I seem to spend my life in Russell Norman’s restaurants, and my life in December was no exception (apart from when I was somewhere else). Mishkin’s is much the best of the recent crop – the salt beef sandwich (fat on, of course) was jaw dropping, by which I don’t mean merely chewy. And Maureen Lipman was eating in the corner.


At Koffmann’s a few days later, there was no Maureen Lipman. There wasn’t anyone from a British Telecom ad at all. Not a good start. The food was fine for the lunch menu price of £25.50, but unremarkable, which in itself should be remarkable given the pedigree of the chef-patron, but actually returns full-circle to unremarkability when you consider that Koffmann’s seems more like a money-making exercise than an expression of culinary genius.

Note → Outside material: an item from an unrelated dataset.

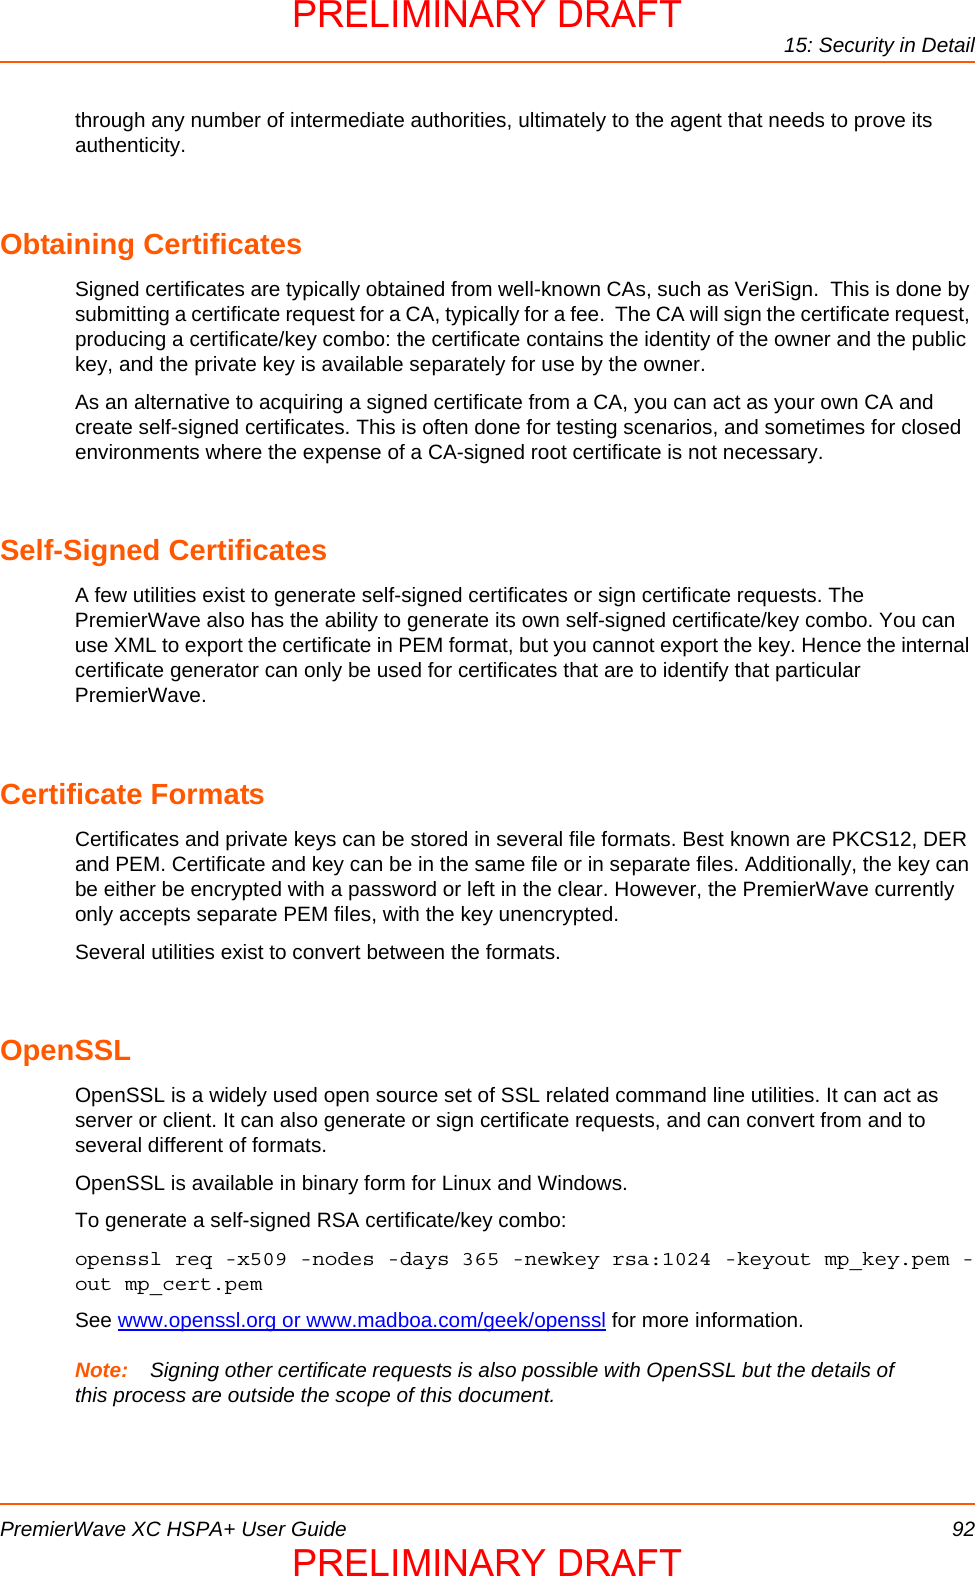 15: Security in DetailPremierWave XC HSPA+ User Guide 92through any number of intermediate authorities, ultimately to the agent that needs to prove its authenticity. Obtaining CertificatesSigned certificates are typically obtained from well-known CAs, such as VeriSign.  This is done by submitting a certificate request for a CA, typically for a fee.  The CA will sign the certificate request, producing a certificate/key combo: the certificate contains the identity of the owner and the public key, and the private key is available separately for use by the owner.As an alternative to acquiring a signed certificate from a CA, you can act as your own CA and create self-signed certificates. This is often done for testing scenarios, and sometimes for closed environments where the expense of a CA-signed root certificate is not necessary.Self-Signed CertificatesA few utilities exist to generate self-signed certificates or sign certificate requests. The PremierWave also has the ability to generate its own self-signed certificate/key combo. You can use XML to export the certificate in PEM format, but you cannot export the key. Hence the internal certificate generator can only be used for certificates that are to identify that particular PremierWave.Certificate FormatsCertificates and private keys can be stored in several file formats. Best known are PKCS12, DER and PEM. Certificate and key can be in the same file or in separate files. Additionally, the key can be either be encrypted with a password or left in the clear. However, the PremierWave currently only accepts separate PEM files, with the key unencrypted.Several utilities exist to convert between the formats.OpenSSLOpenSSL is a widely used open source set of SSL related command line utilities. It can act as server or client. It can also generate or sign certificate requests, and can convert from and to several different of formats.OpenSSL is available in binary form for Linux and Windows.To generate a self-signed RSA certificate/key combo:openssl req -x509 -nodes -days 365 -newkey rsa:1024 -keyout mp_key.pem -out mp_cert.pemSee www.openssl.org or www.madboa.com/geek/openssl for more information.Note: Signing other certificate requests is also possible with OpenSSL but the details of this process are outside the scope of this document.PRELIMINARY DRAFTPRELIMINARY DRAFT

The restaurant has an unfortunate atmosphere too; a place for hedge funders and Harrodians to go and be boring.

Then Bacchus in Hoxton served nice steak and excellent Einstok beer. And I’ll refer you to my tweet about Sushi Say in Willesden: ‘Sushi Say for 1st time. OMFG. Jellyfish, monkfish livers, salmon roe sushi amazing. Also, Japan Olympic badminton team have already booked.’ It’s as true today as it was then. The Japanese Olympic badminton team have booked out the whole restaurant for the duration of the Olympics. So, the next time you’re running a restaurant-themed pub quiz, you can ask: ‘Which restaurant did the Japanese Olympic badminton team book out for the duration of the 2012 London Olympics?’ And you’ll know the answer. It will be Sushi Say.

And other restaurant meals, I’ve had a few, but then again, too many to remember. But I did go to Leon De Bruxelles on Cambridge Circus two weeks ago, and did not enjoy it very much at all. If you are going to make serving mussels the entire selling point of your restaurant, you should be serving mussels that are nice. Just a thought.

I seem to have digressed from my explanation of the interruption to blogging service. It’s partly to do with Hong Kong, and the impossibility of doing justice to the food in that city, but there's more to it than that, and it’s to do with time. Specifically, not having enough of it – trying to write on trains, trying to write before leaving for work in the morning, trying to write while dinner is in the oven, trying to write on planes. Mostly failing.